NIDA funds $428K research on medication assisted treatment that could treat addiction to cocaine, meth, heroin and other substances
By Jason Langendorf
December 15, 2020In October, clinical researchers in New Jersey and North Carolina received a $428,000 grant from the National Institute on Drug Abuse (NIDA) for their work on medication assisted treatment (MAT) that eventually could be used to treat abuse of psychostimulant drugs such as cocaine and methamphetamines, as well as heroin (an opioid). Rowan University’s Thomas Keck, Ph.D., shown in photo, and High Point University’s Comfort Boateng, Ph.D., are co-principal investigators whose research has focused on the dopamine D4 receptor and its role in a number of functions, including those associated with addiction.
Medication-assisted treatment (MAT) has been a game-changing and, in certain cases, life-saving addition to the spectrum of addiction care. Although science has yet to deliver a therapeutic drug for substances such as psychostimulants, even that component may be near at hand.
I’m pretty certain there will never be a pill that will undo drug addiction. But there absolutely could be, and hopefully someday soon, a medication that can help. A multi-pronged approach is always probably going to be most effective.”—Thomas Keck, Ph.D., associate professor, Rowan University
The D4 receptor plays an important role in decision-making and has been researched extensively for its links to attention deficit disorder and addiction. Much of Keck and Boateng’s work is devoted to refining new compounds that affect the D4 receptor and helping to improve outcomes for those with addiction and other conditions.
Psychostimulant MAT Study Focus: D4 Receptor
“The ideal way that I think the drugs we’re working on could potentially be useful—and we have some level of data that supports that we might be able to accomplish this—is that it might have a dual effect,” says Keck, an associate professor in Rowan’s Department of Chemistry & Biochemistry and Department of Molecular & Cellular Biosciences. “These compounds that affect the D4 receptor might make something like cocaine a little less enjoyable, and they might make it a little easier to make the decision not to do cocaine.”
Keck is quick to shoot down assumptions that might be drawn from his group’s work about the nature of addiction. Although the D4 receptor is associated with executive function, he says framing drug use and misuse as a simple choice, or a personal failing, is “victim blaming”—and a great oversimplification of a complex problem.

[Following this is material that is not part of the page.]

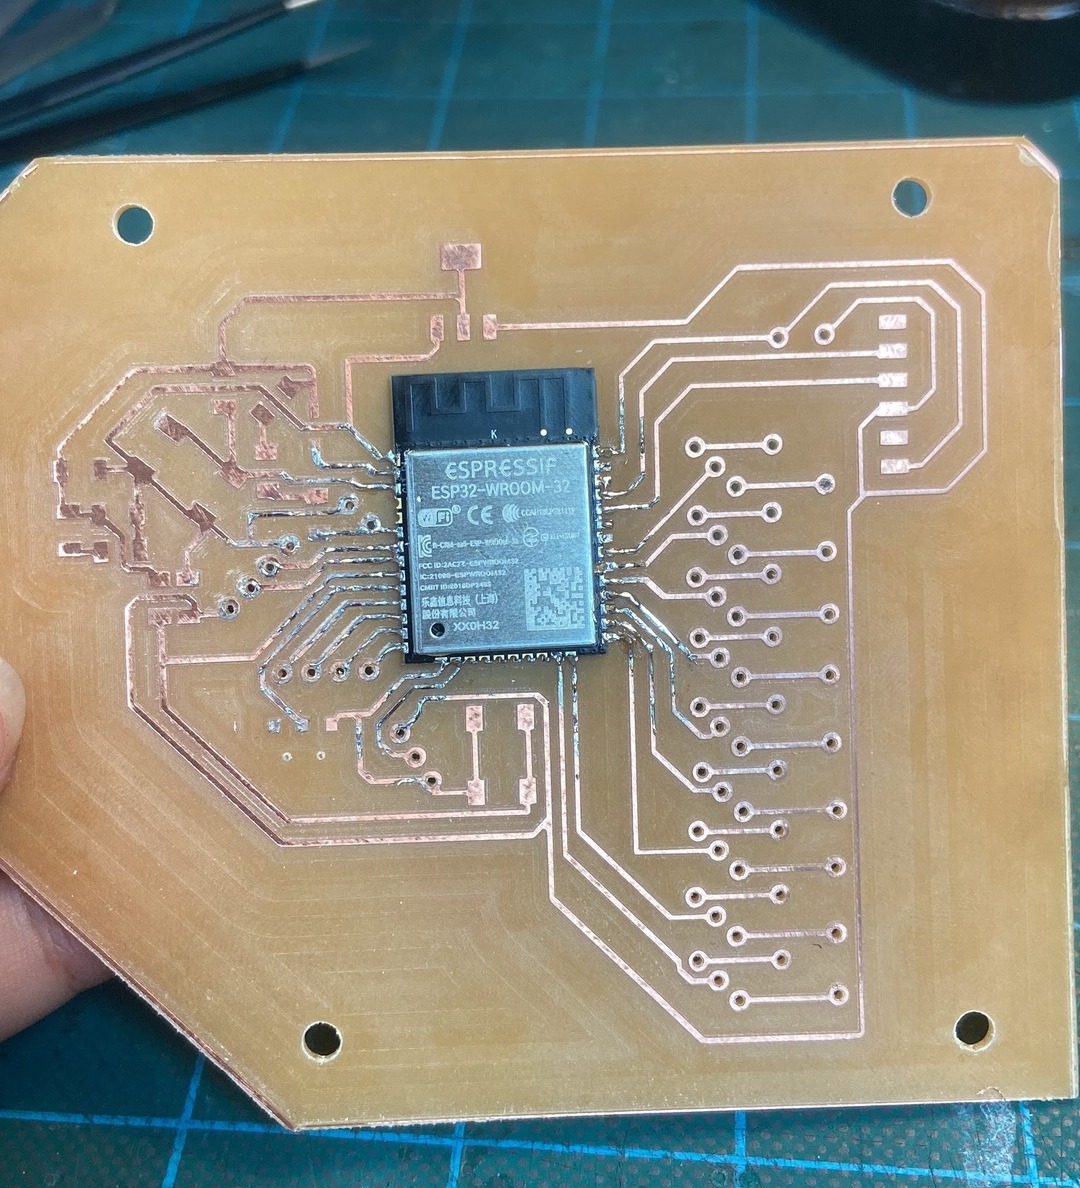 ESP32 soldered

“The drugs of abuse work by a lot of different means,” Keck says. “But what they end up doing is changing the balance of what feels like the right choice at the right time. Because, depending on what drug we’re talking about, they could have some levels of inducing euphoria, they could have some levels of reducing anxiety or other sort of negative effects. There could be visual components. And the way we respond to drugs, whether it’s acutely or chronically, varies based upon our life experiences and our genetic backgrounds and just the time and place. It’s a complicated milieu of signaling and understanding.”
Keck adds that the gene associated with the D4 receptor is “pretty variable in the population at large.” Although the researchers don’t fully understand the variations yet, students under Keck and Boateng, an assistant professor of basic pharmaceutical sciences at High Point’s Fred Wilson School of Pharmacy, now have the grant funding to build on their work toward optimizing new molecules targeting the D4 receptor.

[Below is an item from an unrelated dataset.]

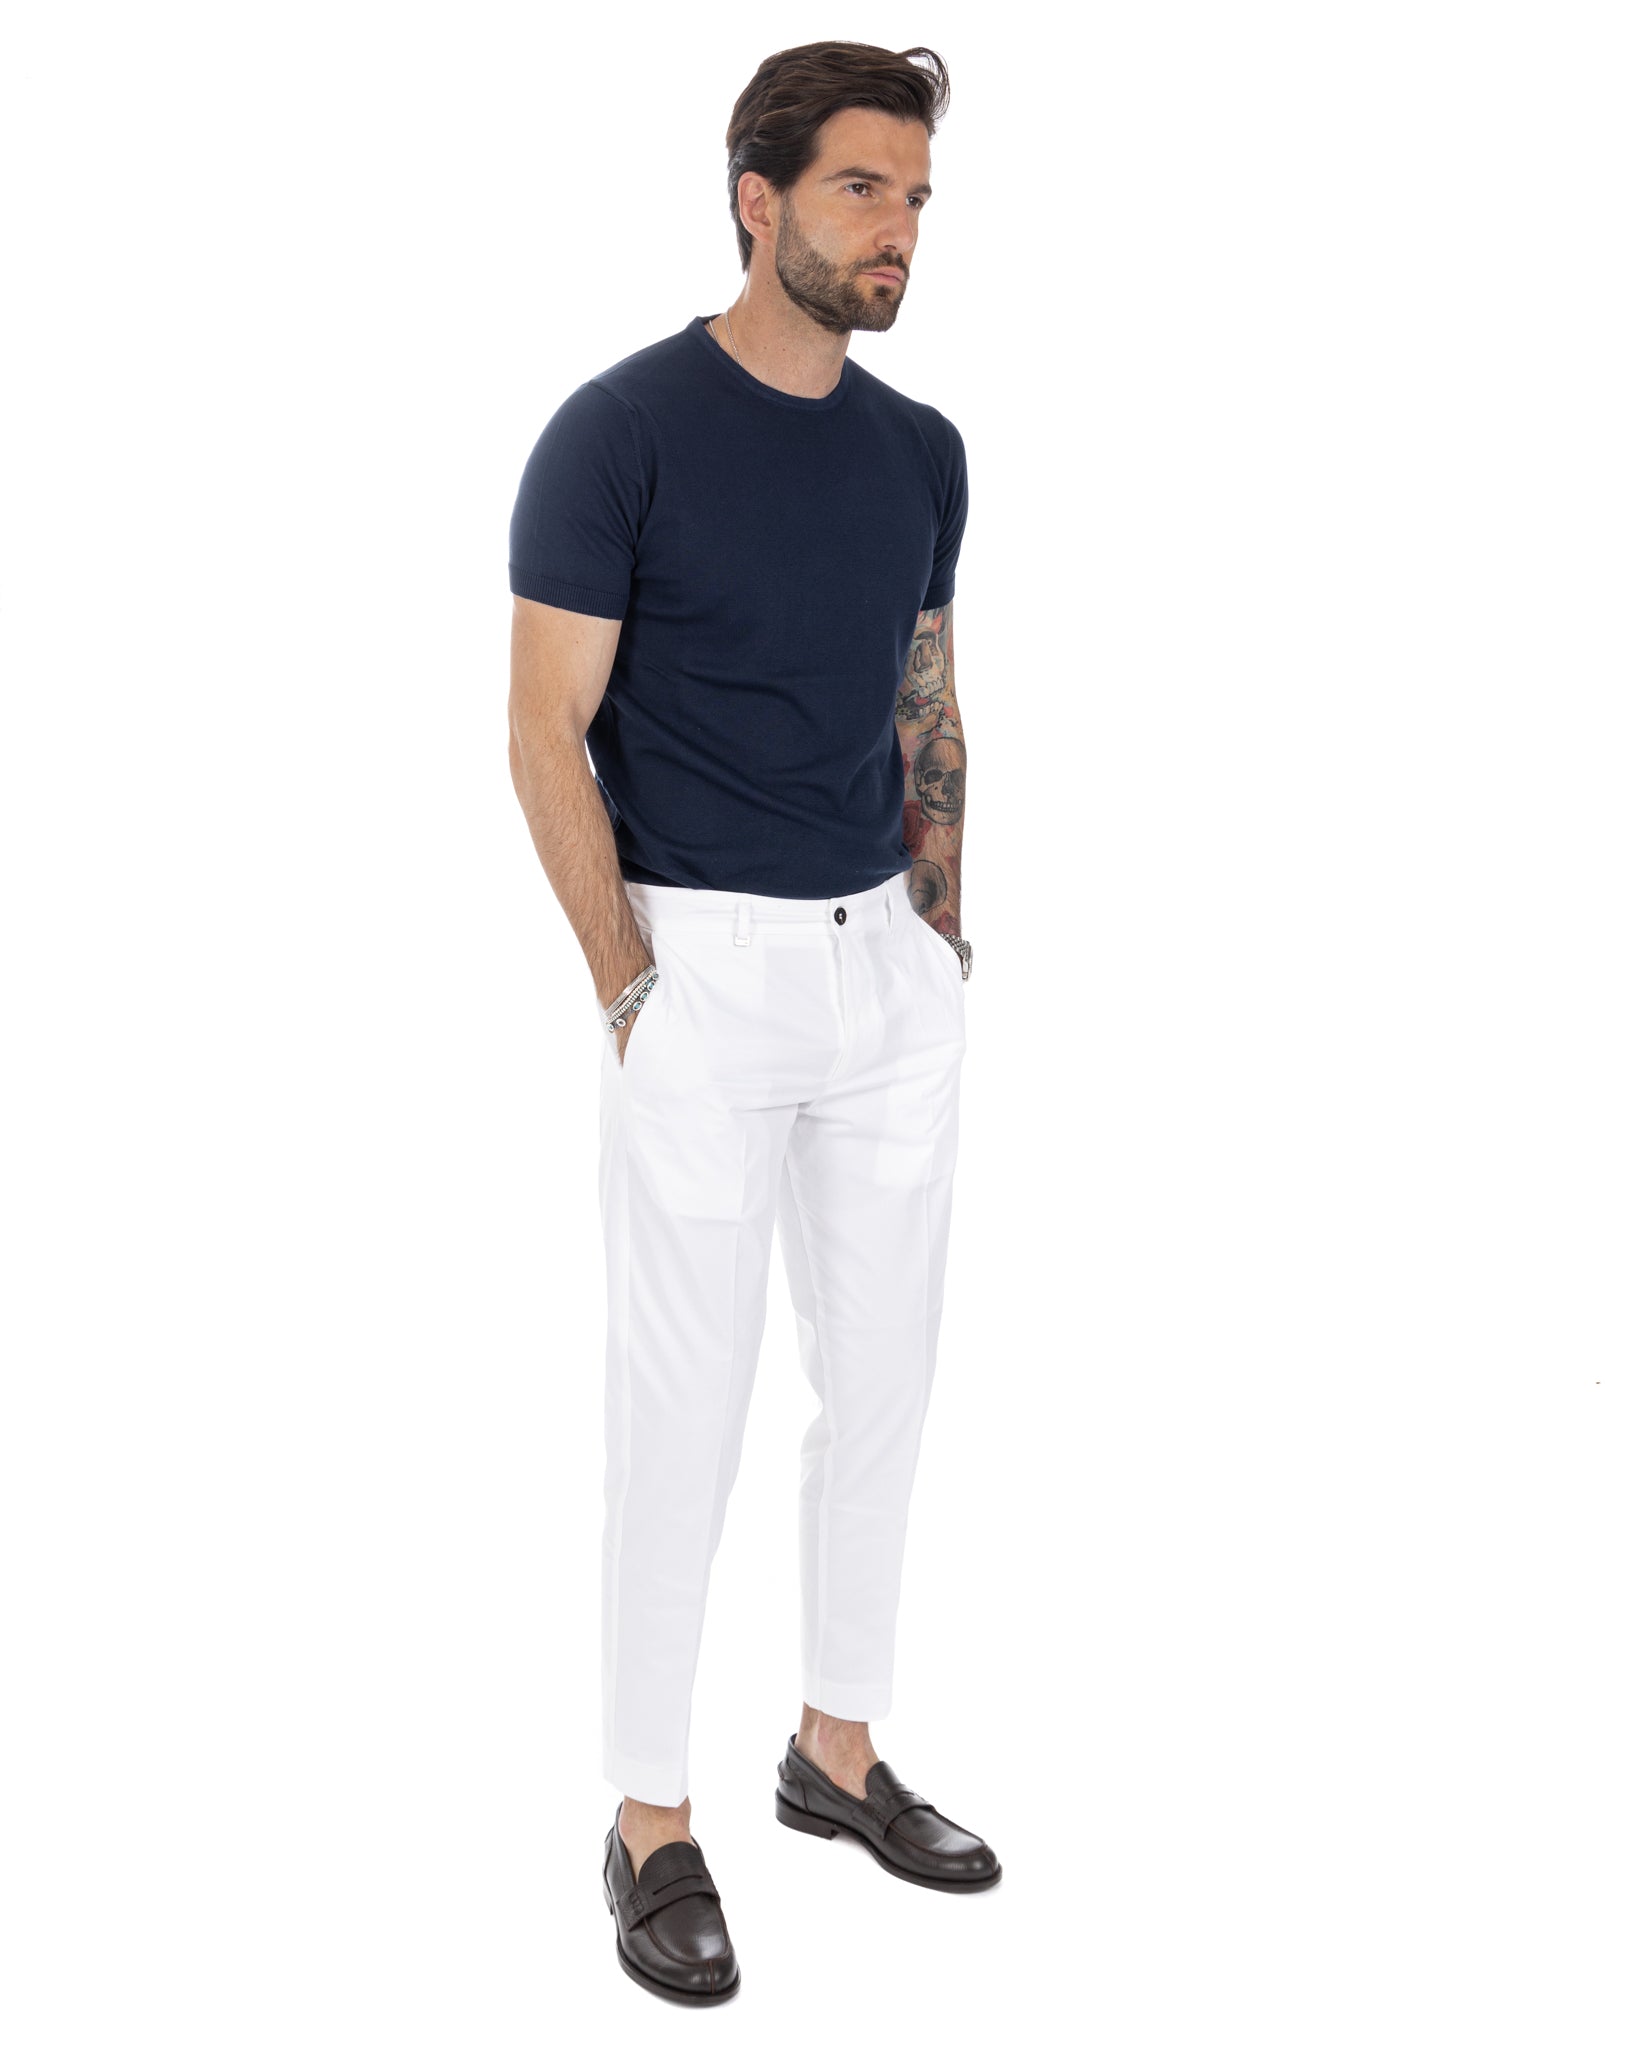 Elder - white capri trousers in summer cotton

Psychostimulant MAT Timeline: Five Years
If Keck and Boateng’s research progresses as hoped, a MAT for psychostimulants could be developed and brought to market in as soon as five years. Keck cautions, however, that this estimate is a best-case scenario: “What’s probably more likely is that we’ll identify new information from these medications, from these drug molecules, that will help us design the next round.”
In the meantime, a continuum of care remains the most reliable addiction treatment path. MAT is not—and likely never will be—a magic bullet for substance use disorder (SUD).
“I’m pretty certain there will never be a pill that will undo drug addiction,” says Keck. “But there absolutely could be, and hopefully someday soon, a medication that can help. A multi-pronged approach is always probably going to be most effective. It’s about changing the circumstances around which problematic drug-taking occurs.”